__PROVIDED ENTRIES__
------------------------------------------------
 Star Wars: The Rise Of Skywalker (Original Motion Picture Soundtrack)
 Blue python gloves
------------------------------------------------
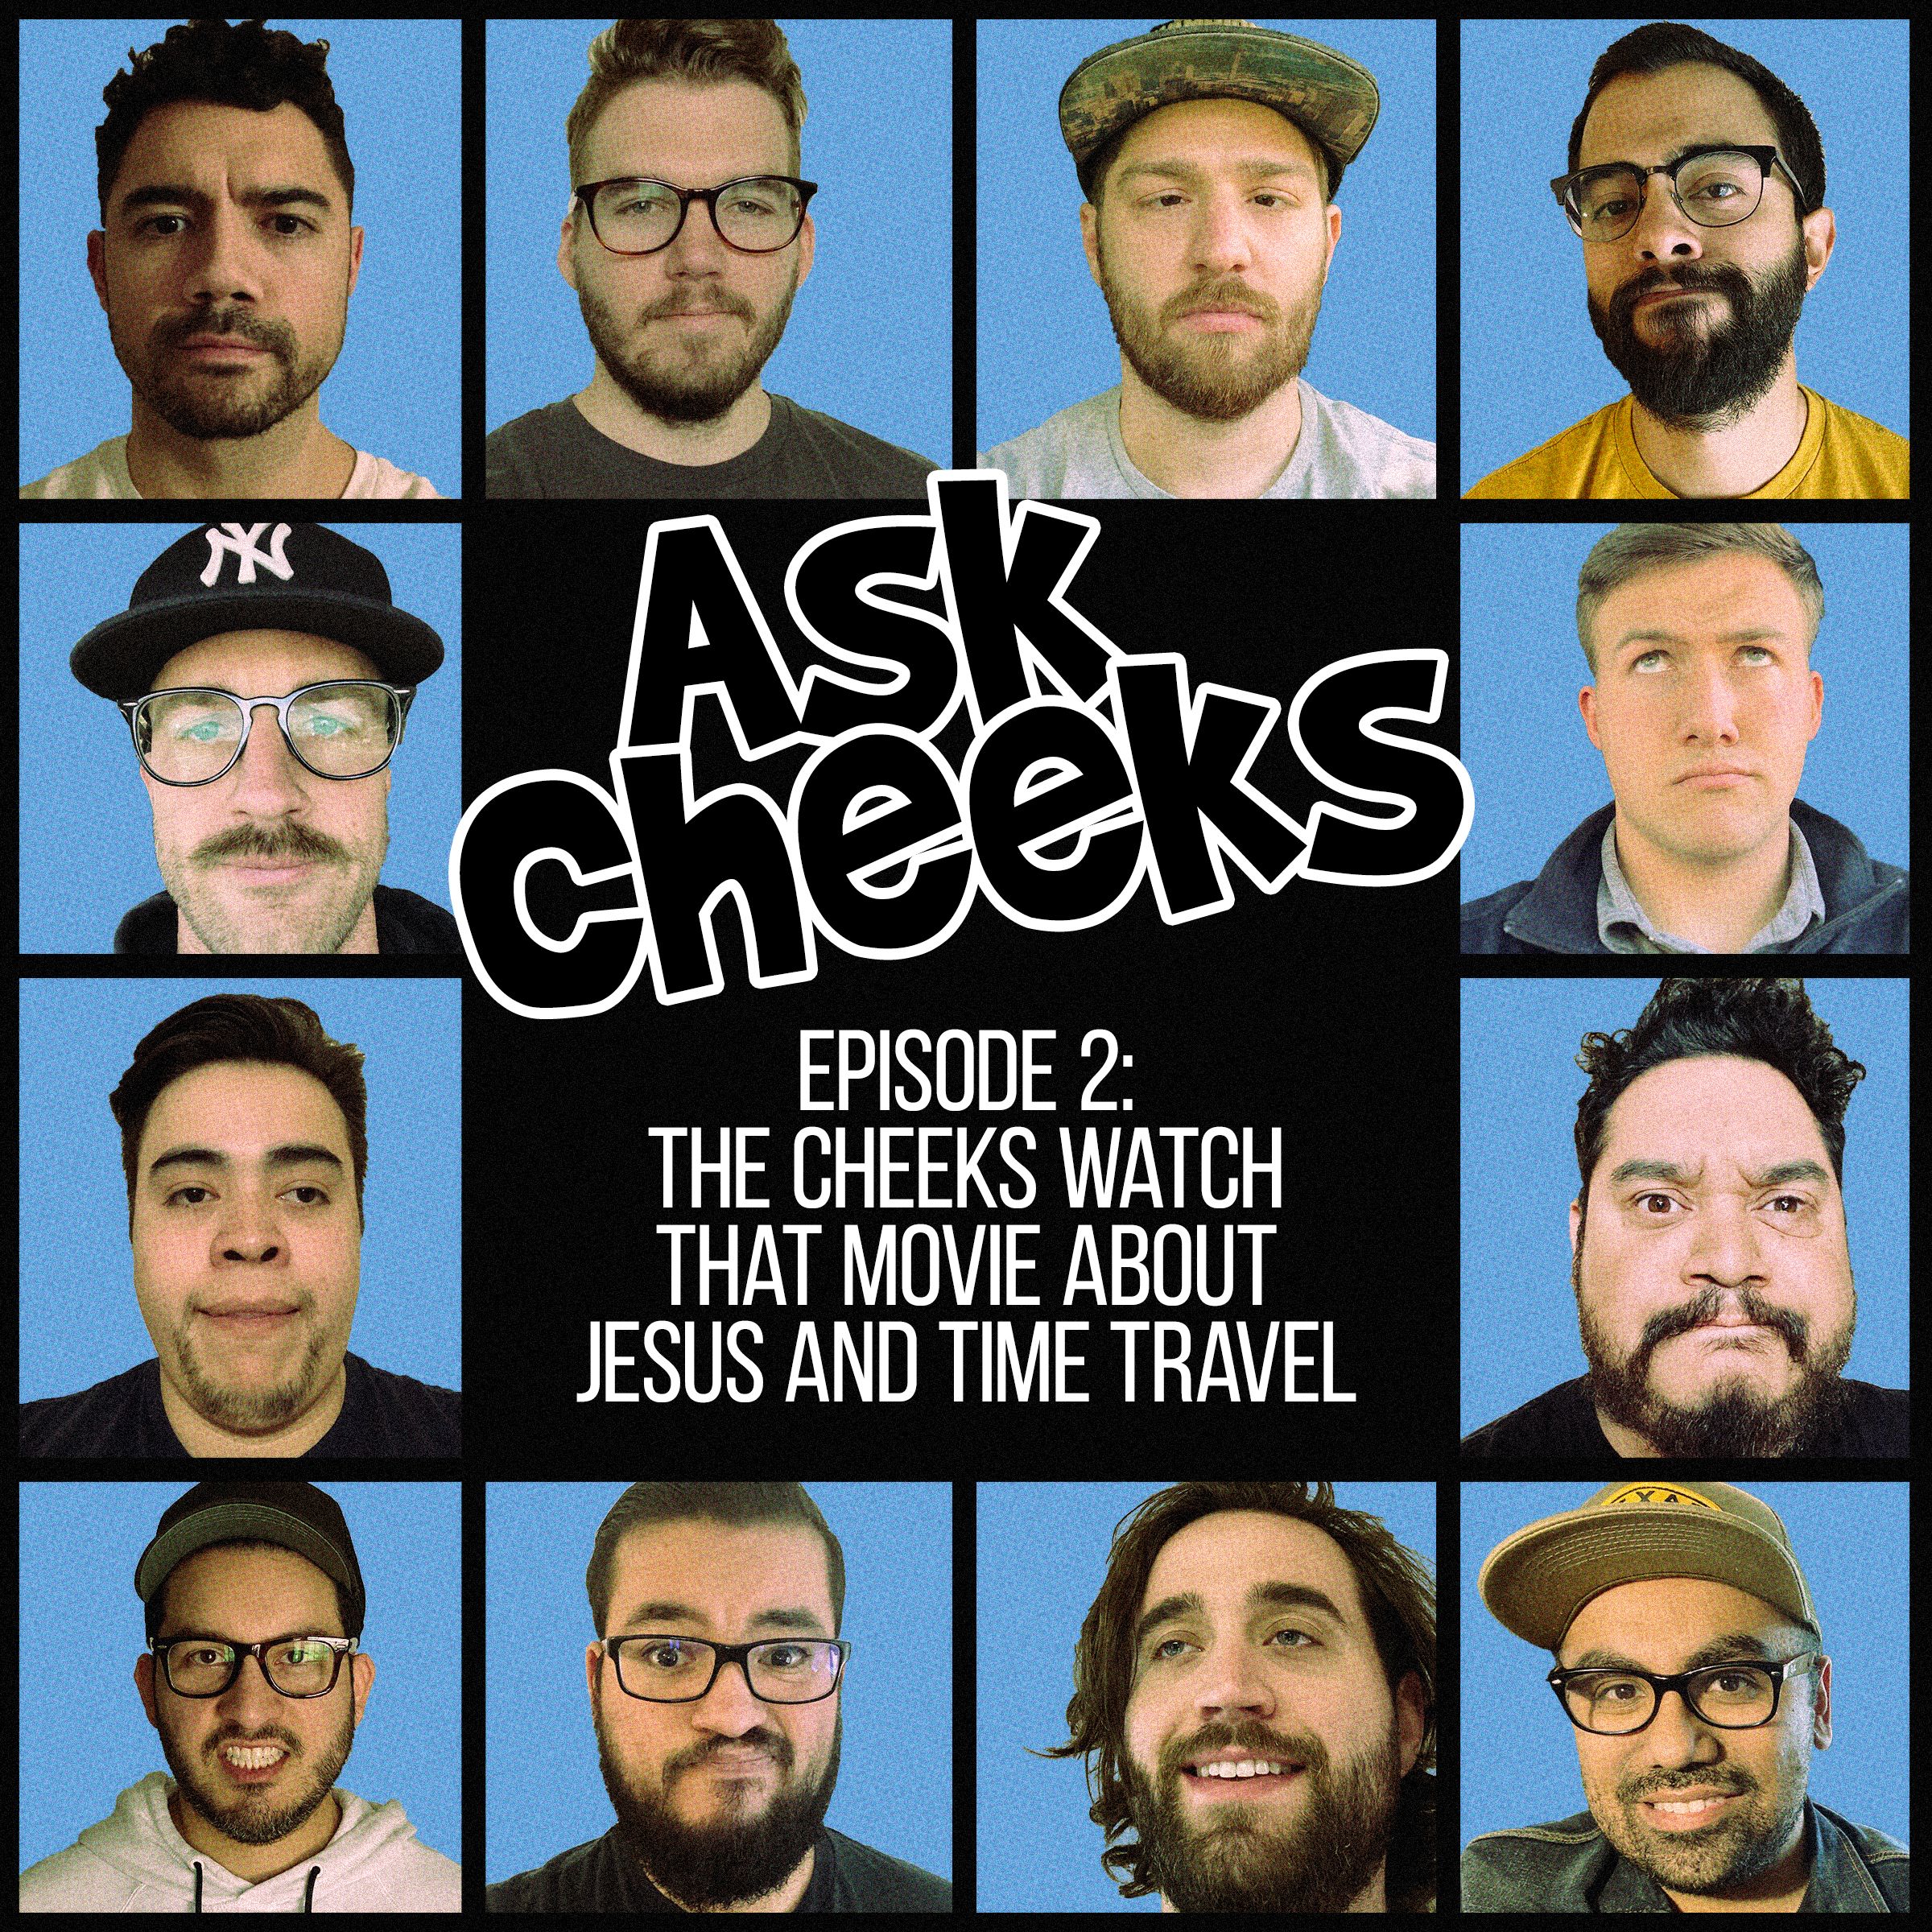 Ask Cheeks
------------------------------------------------
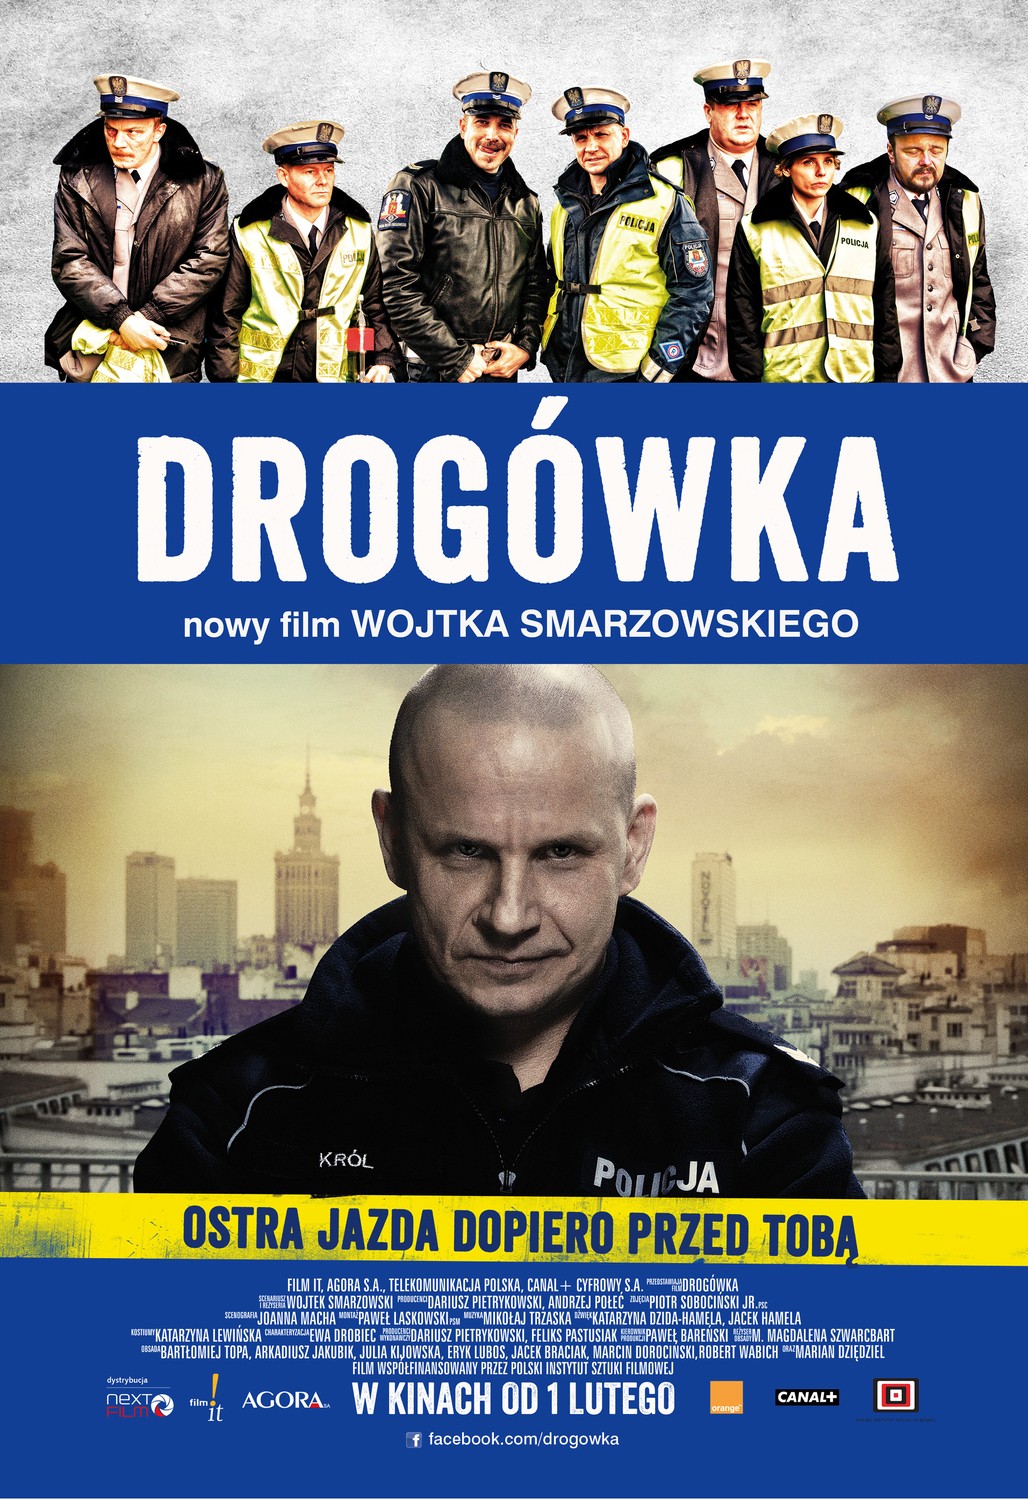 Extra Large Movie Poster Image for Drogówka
------------------------------------------------
__TASK INSTRUCTIONS__
The required output is the stretch of entries above from the line containing "Star Wars: The" through the line containing "Blue python gloves", reproduced exactly.

__EXERCISE RESPONSE__
 Star Wars: The Rise Of Skywalker (Original Motion Picture Soundtrack)
 Blue python gloves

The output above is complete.